I can't say I have ever seen anyone try to use a MAF with ITB's, but that much more intake restriction would definitely cut down on the performance gain, and I can't say that the Motronic ignition can handle that kind of airflow and enrichment.


----------



## WanganLLama (Apr 15, 2004)

*Re: (ABF Jeff)*

so where do i send the money?








i get a discount for calling it two days ago right









anyway, good job mates


----------



## ABF Jeff (Nov 16, 2005)

*Re: (WanganLLama)*

Send money to [email protected]'m-wicked-broke.com


----------



## tdogg74 (Mar 1, 2002)

You're all going to be FLOORED when you see how this is all going to come together. I mean it, guys, the sh*t coming out of Dr. Jekyl's laboratry is f*cking off the hook!!! HKK Motorsports and USRT are IT for ALL your VW needs. [/thread]
Oh, and FWIW.....Knowing whats in store for *you*, the 8v community, I am very, very dissapointed that I'm going to have to keep what Im rocking now for my intake setup. (not that what I have now is not amazing!!!) I'm the typical "gotta have the newest/bestest/greatest NOW" kind of guy. Knowing that I won't be upgrading to this new set-up depresses the HELL out of me!! LOL!!


----------



## pwnt by pat (Oct 21, 2005)

*Re: (tdogg74)*

I smell a turbo kit with SRI, AWIC/SMIC, and equal length manifold...
just a hunch.


----------



## vwluger22 (Jan 25, 2005)

Nice Greg http://****************.com/smile/emthup.gif


----------



## hkk735 (Jul 14, 2001)

*Re: (tdogg74)*


_Quote, originally posted by *tdogg74* »_You're all going to be FLOORED when you see how this is all going to come together. I mean it, guys, the sh*t coming out of Dr. Jekyl's laboratry is f*cking off the hook!!! HKK Motorsports and USRT are IT for ALL your VW needs. [/thread]

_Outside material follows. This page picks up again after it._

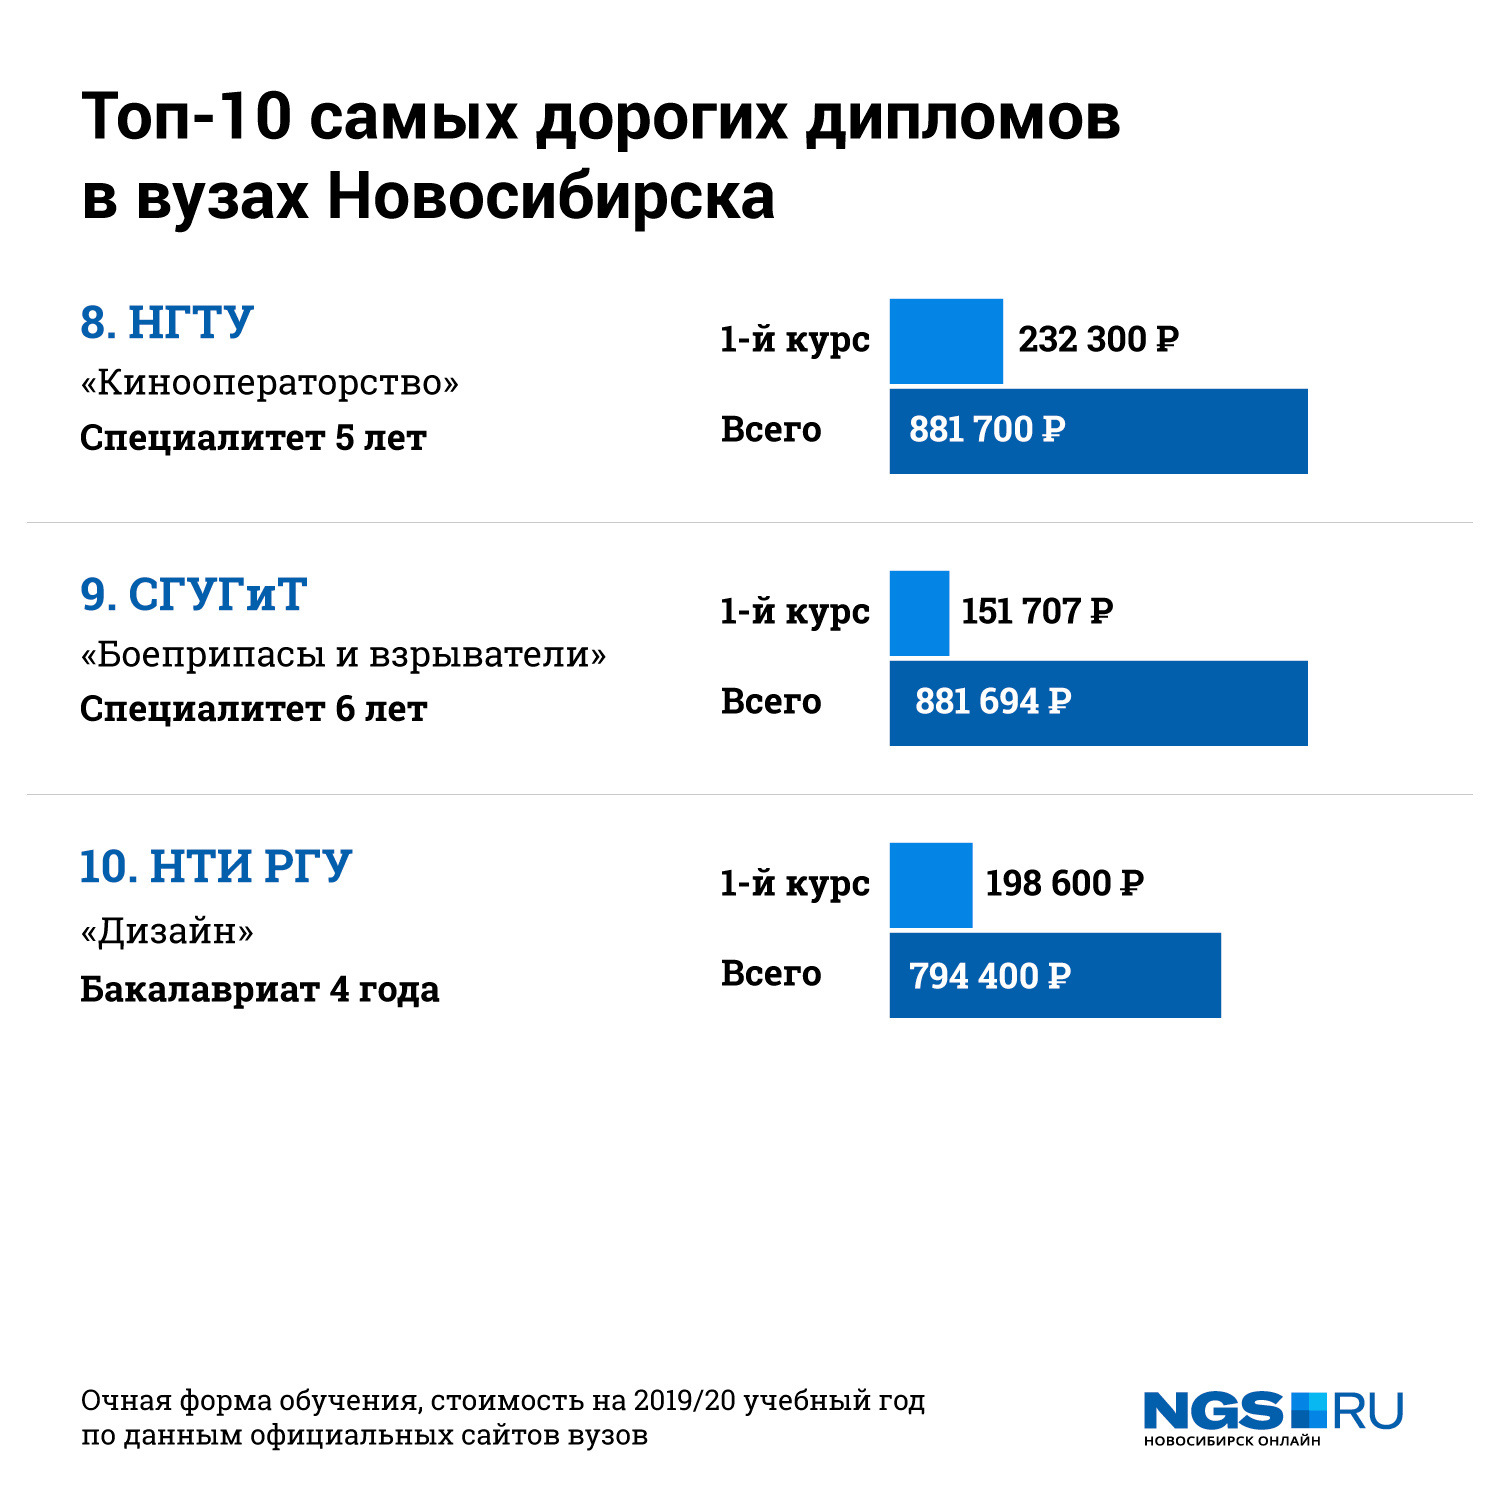 Институты новосибирска после 11 класса. Бюджетные места в вузах 2020. Бюджетные места в вузах 2021. Топ университетов Новосибирска.

haha, travis i told you, its not Dr. Jekyl, its Dr.EVIL








one miiiiiiillllion dollllars, mwahahahahha
anyway, the stacks will be done tomm, should be in the car on sat


----------



## WolfGTI (Jun 16, 1999)

*Re: (tdogg74)*


_Quote, originally posted by *tdogg74* »_
Oh, and FWIW.....Knowing whats in store for *you*, the 8v community, I am very, very dissapointed that I'm going to have to keep what Im rocking now for my intake setup. (not that what I have now is not amazing!!!) I'm the typical "gotta have the newest/bestest/greatest NOW" kind of guy. Knowing that I won't be upgrading to this new set-up depresses the HELL out of me!! LOL!! 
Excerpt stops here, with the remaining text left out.